The cutoff frequency is the frequency above which sound waves will continue
to propagate down the tube (and out holes further down). Waves at
frequencies less than the cutoff are reflected back up the tube.

So what's the practical effect of this? As you know, each note on the
clarinet is comprised of a set of harmonics. Because of the closed-end
nature of the clarinet, the harmonics are odd multiples of the fundamental
frequency. Consider a low B (220hz - concert A). Its harmonics would be
at 660Hz, 1100Hz, 1540Hz, 1980Hz, etc... But if you look at the resonance
curve of a typical Buffet clarinet you'll find that there are clearly
defined peaks of decreasing amplitude at 660, 1100 and 1540, but above that
the peaks go away. That's because the cutoff-frequency of the Buffet on a
low B is around 1600Hz.

In other words, the cutoff frequency for a given fingering determines how
many of harmonics will be well defined and of substantial amplitude in the
spectrum of the note.

Arthur Benade did substantial experimentation and measurement of clarinets,
oboes and bassoons and discovered the following amazing (and amazingly
simple) facts about these instruments. This is quoted from his book.

1. On most of the standard woodwinds, the cutoff frequency remains
roughly the same as tone holes are progressively opened to finger
the notes of the low-register scale.

2. It proves possible to correlate the tone-color adjectives used by
musicians to describe the overall tone of an instrument (dark or
bright, for instance) with the value of its average cutoff frequency.

3. Trends in the cutoff frequency on a given instrument run parallel
to trends in the described tone color; furthermore, anomalies of
certain notes on a given instrument can be related directly to
local anomalies in the cutoff frequency.

In practice, this means that because of the precise physical specifications
that clarinets are manufactured to these days the cutoff frequency curve
for two R13 Buffets made according to the same specs would be virtually
identical.

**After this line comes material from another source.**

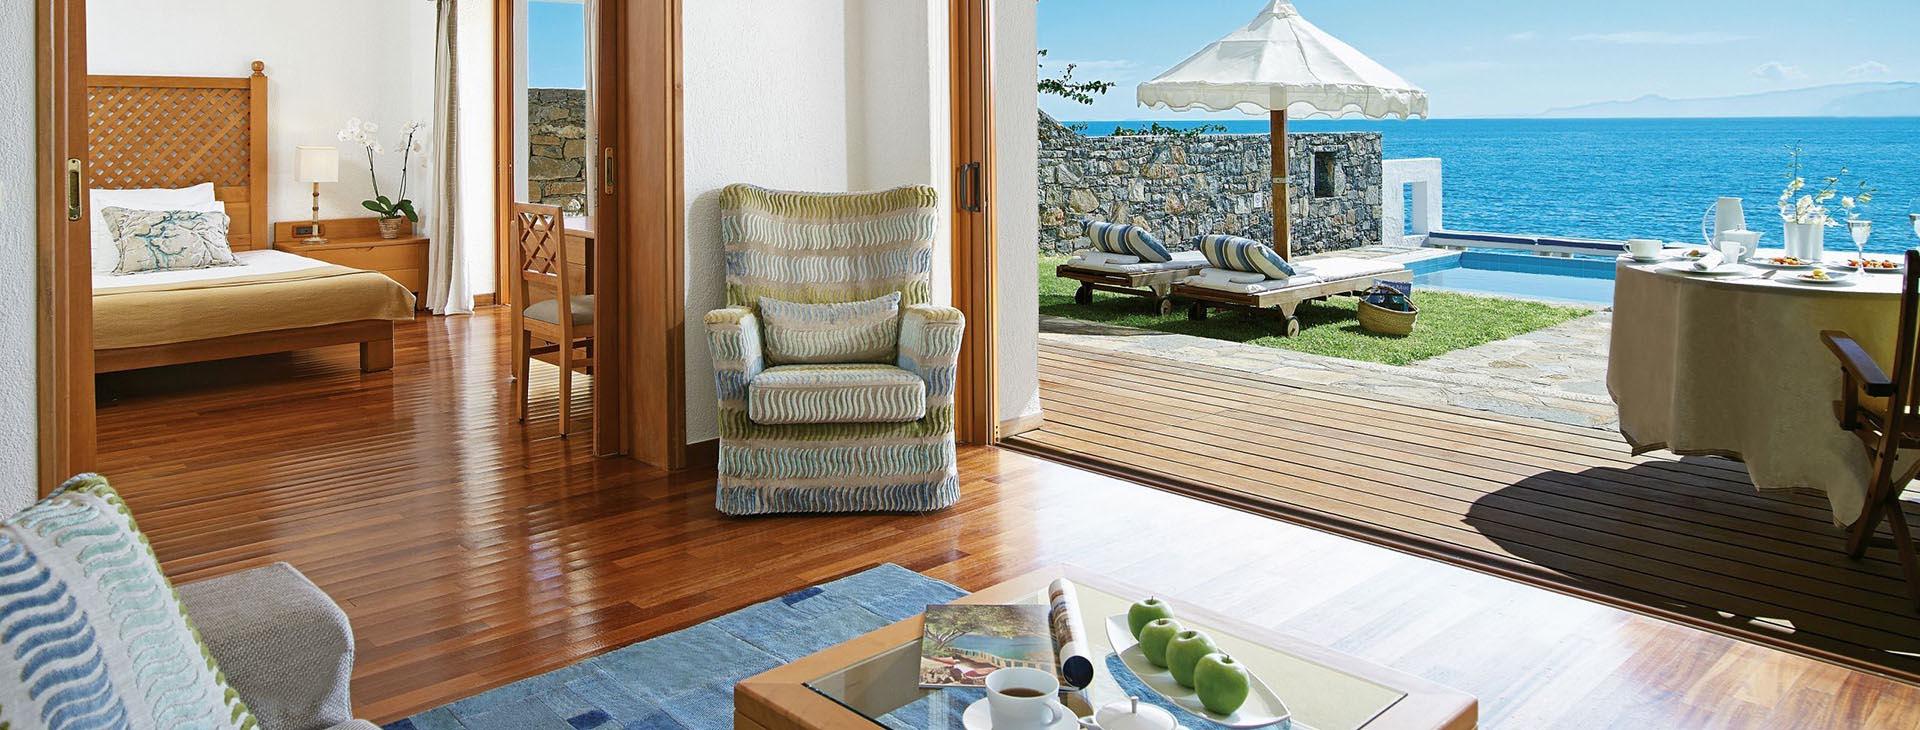 Elounda Peninsula All Suite Hotel - Presidential Suites
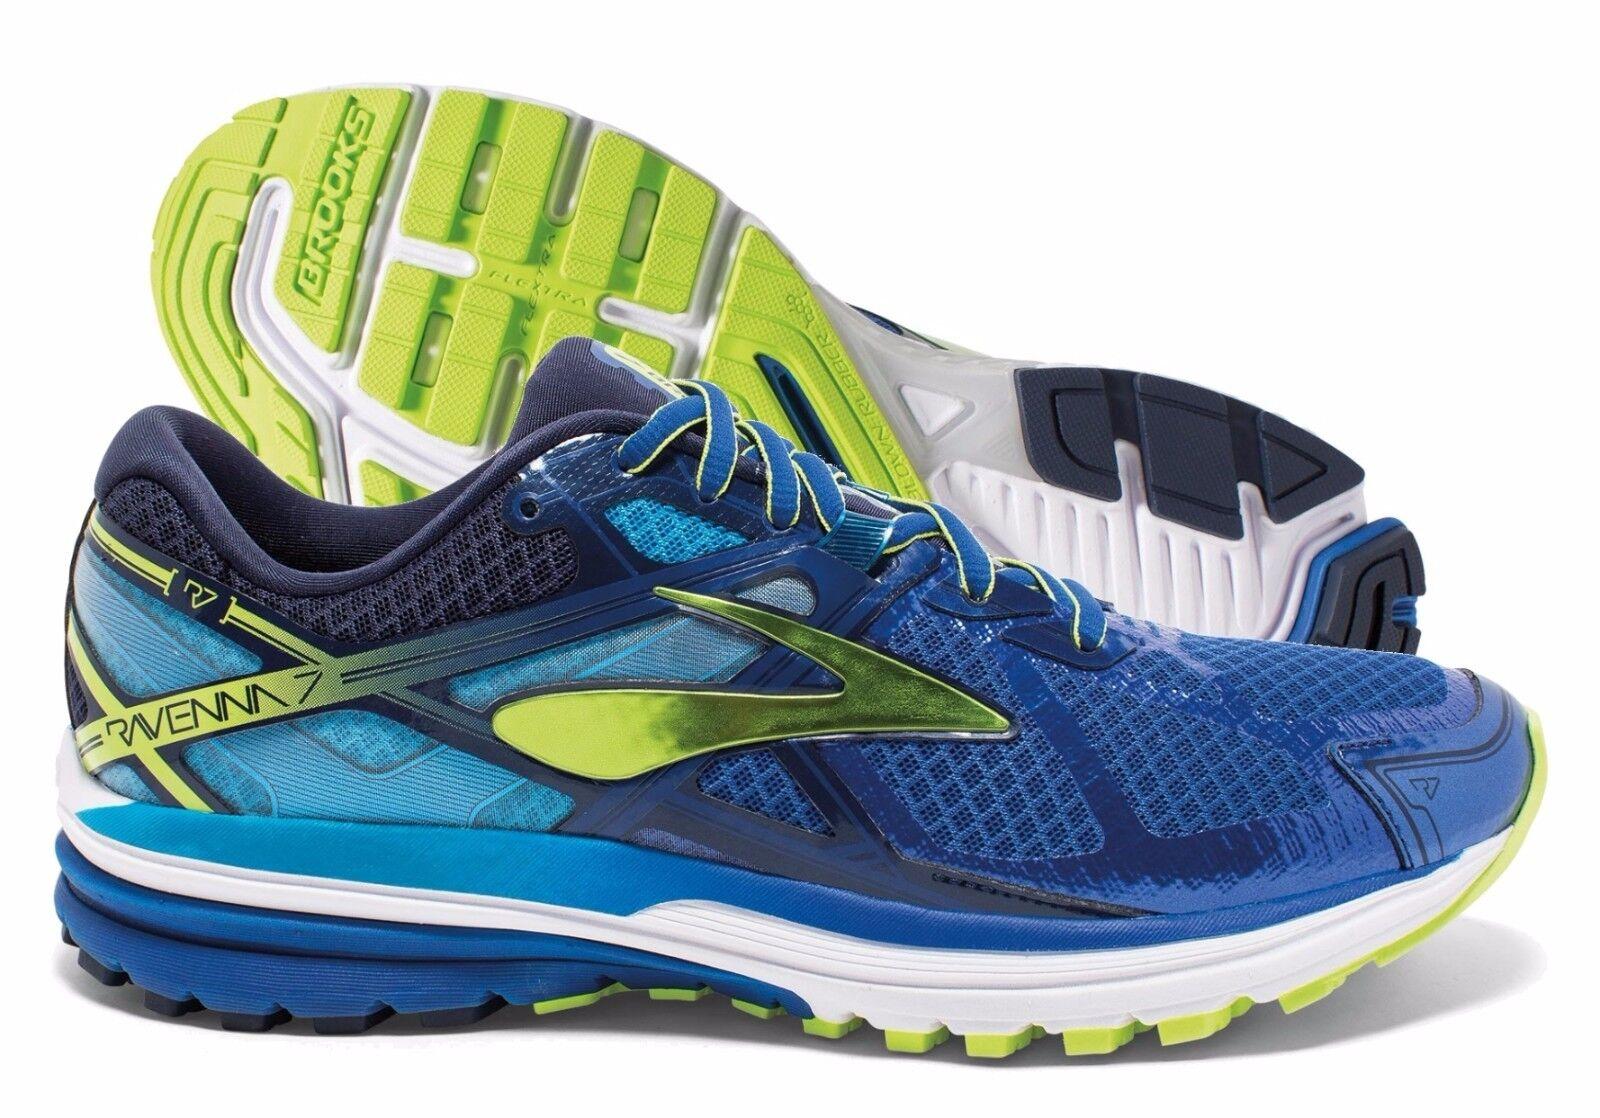 Scarpe casual da uomo  Brooks Ravenna 7 uomos Running Shoes (D) (484) + Free AUS Delivery!

A professional listener would, in most cases, not be able to
reliably distinguish between these two instruments (played by a single
professional using the same setup on both), unless there was some
manufacturing defect in one that made a particular note out of tune or
drastically changed the cutoff on a note or group of notes.

On the other hand, the cutoff curve for an R13 A clarinet is substantially
below that of and an R13 Bb clarinet, and correspondingly professional
listeners CAN reliably (in blind studies) tell the difference, and will
note that the A clarinet is "darker".

Furthermore, clarinets from different makers and periods have markedly
different cutoff curves, and are consequently quite distinguishable. By
the way, remember that the fingering system itself does not determine the
cutoff frequencies, but rather the size and placement of holes does.
Therefore, to say just because a clarinet has a German system (Oehler or
Mueller or other) means that it is darker is erroneous. There are in fact
German system clarinets that are brighter and others that are darker than
the standard Buffet R13.

For further reading on this subject and much more detail, references,
graphs and equations, check out my favorite book on the subject,
"Fundamentals of Musical Acoustics," Second, Revised Edition by Arthur H.
Benade, Dover Publications, Inc., New York, NY, 1990.

----------------------
Jonathan Cohler
cohler@-----.net

P.S. For those interested in practical applications of all this: My Rossi
clarinet is definitely "darker" than my R13 (i.e. it has a lower average
cutoff frequency), as well as being better in a hundred other ways!